- _TASK OBJECTIVE_:
The reply should be an exact repeat of the listing, with no pictures in it.

- _GIVEN DATA_:
□ □ □

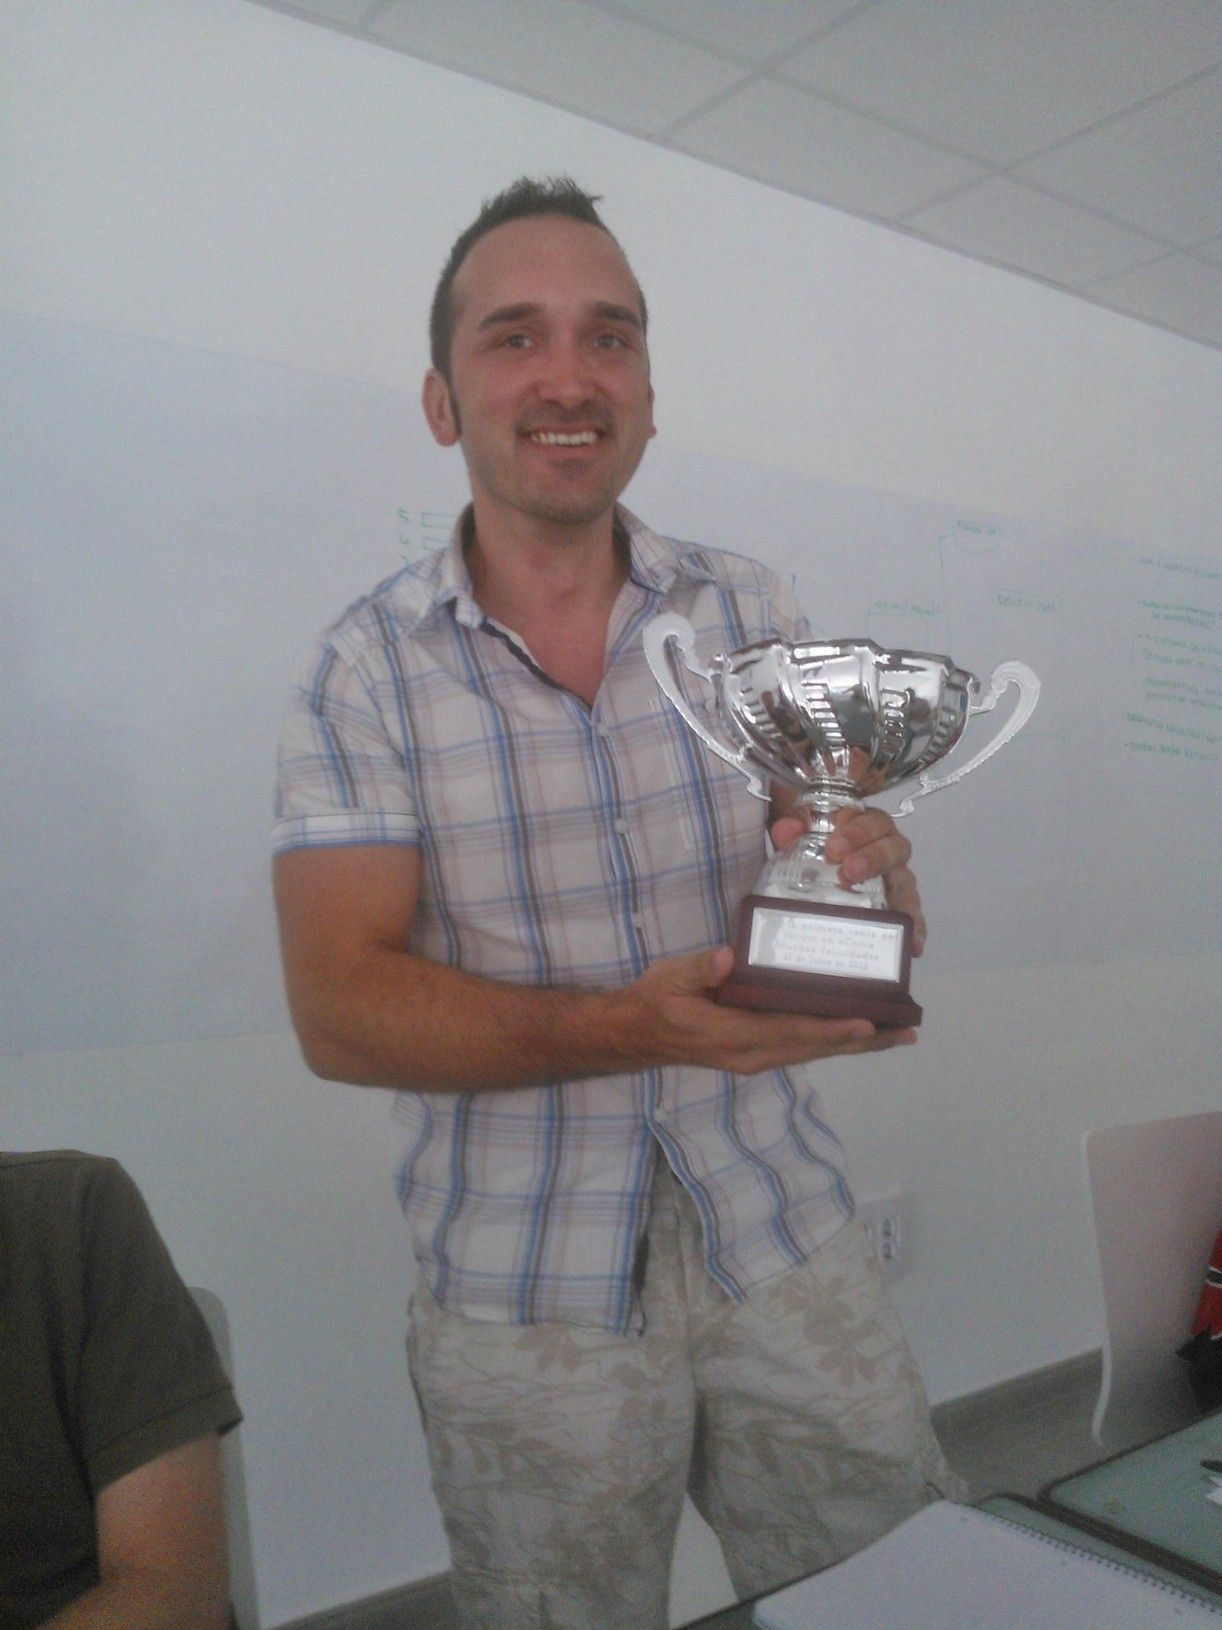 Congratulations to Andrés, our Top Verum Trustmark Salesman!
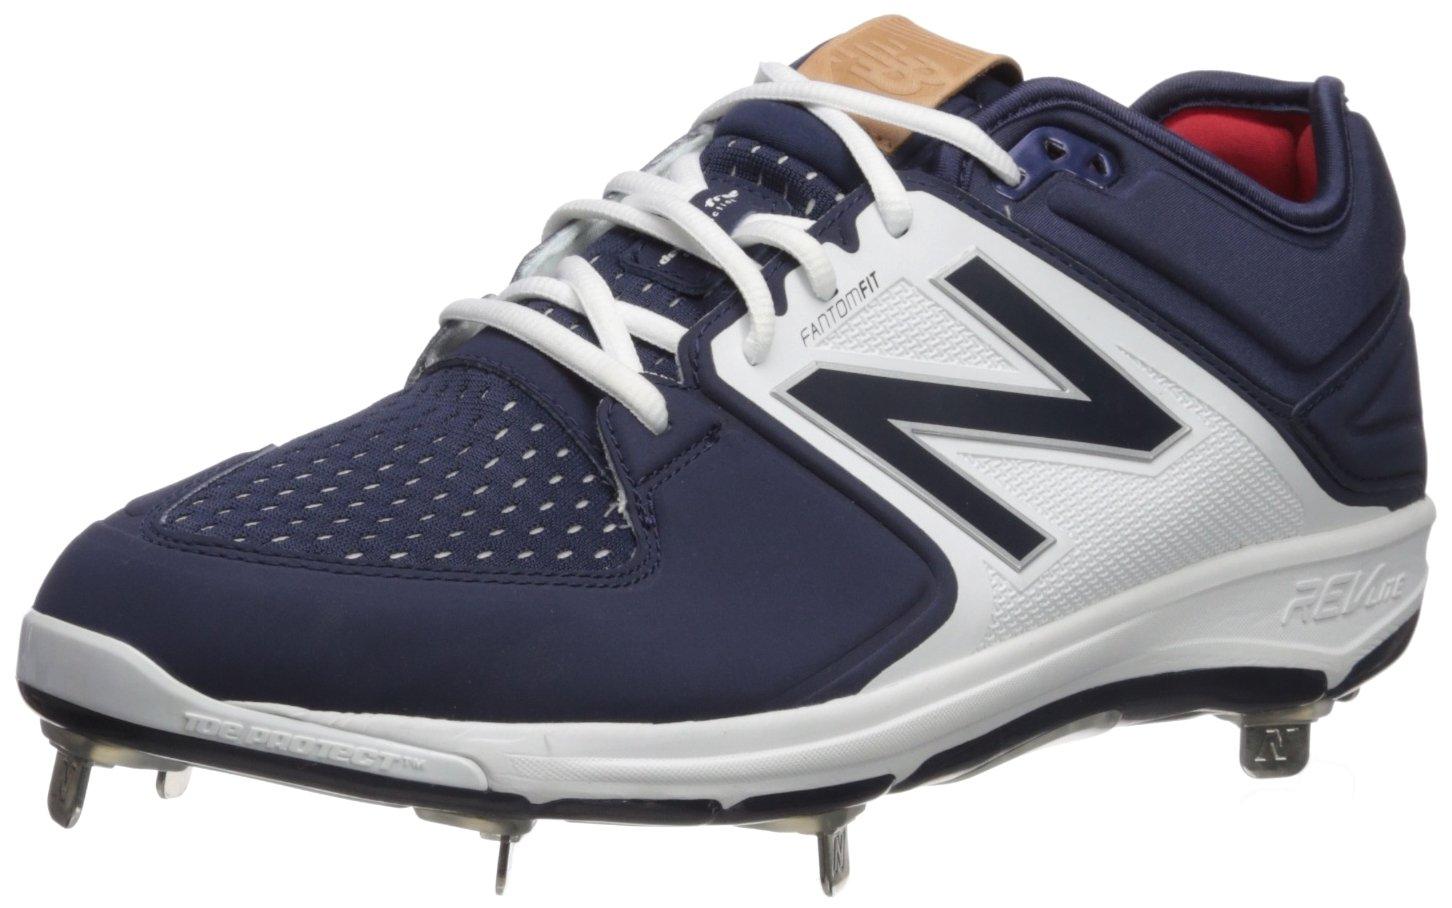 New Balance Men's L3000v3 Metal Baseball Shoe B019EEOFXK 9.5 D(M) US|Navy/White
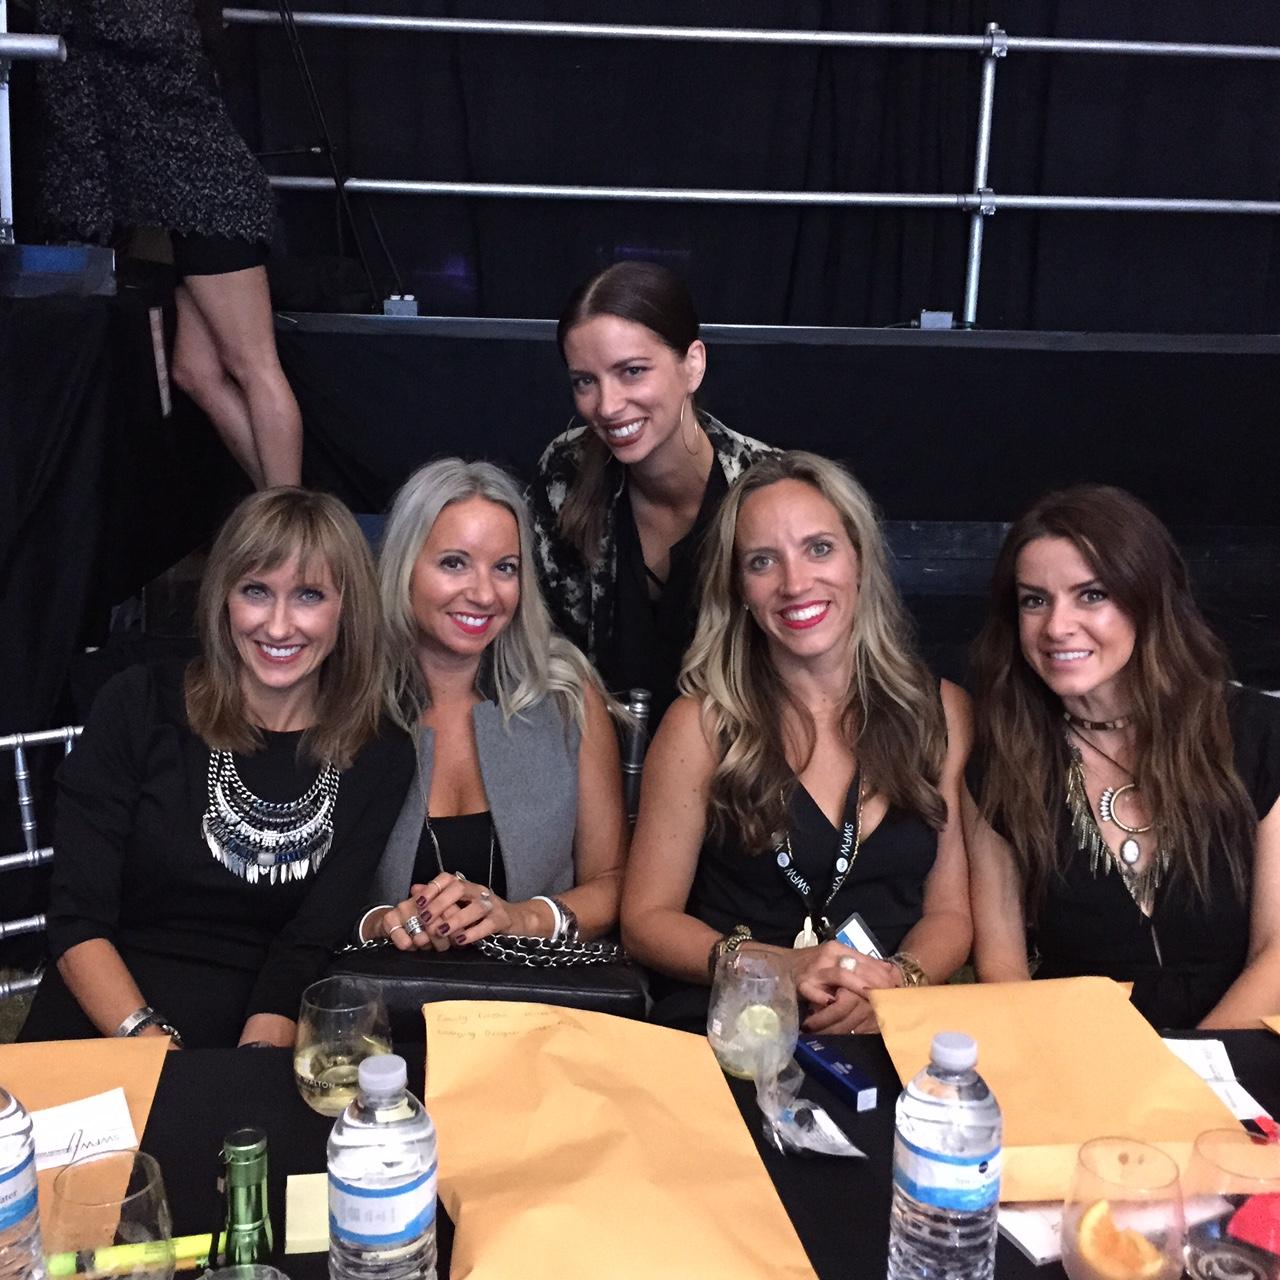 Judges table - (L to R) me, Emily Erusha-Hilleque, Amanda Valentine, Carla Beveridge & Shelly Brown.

□ □ □

- _RESPONSE AREA_:
 Congratulations to Andrés, our Top Verum Trustmark Salesman!
 New Balance Men's L3000v3 Metal Baseball Shoe B019EEOFXK 9.5 D(M) US|Navy/White
 Judges table - (L to R) me, Emily Erusha-Hilleque, Amanda Valentine, Carla Beveridge & Shelly Brown.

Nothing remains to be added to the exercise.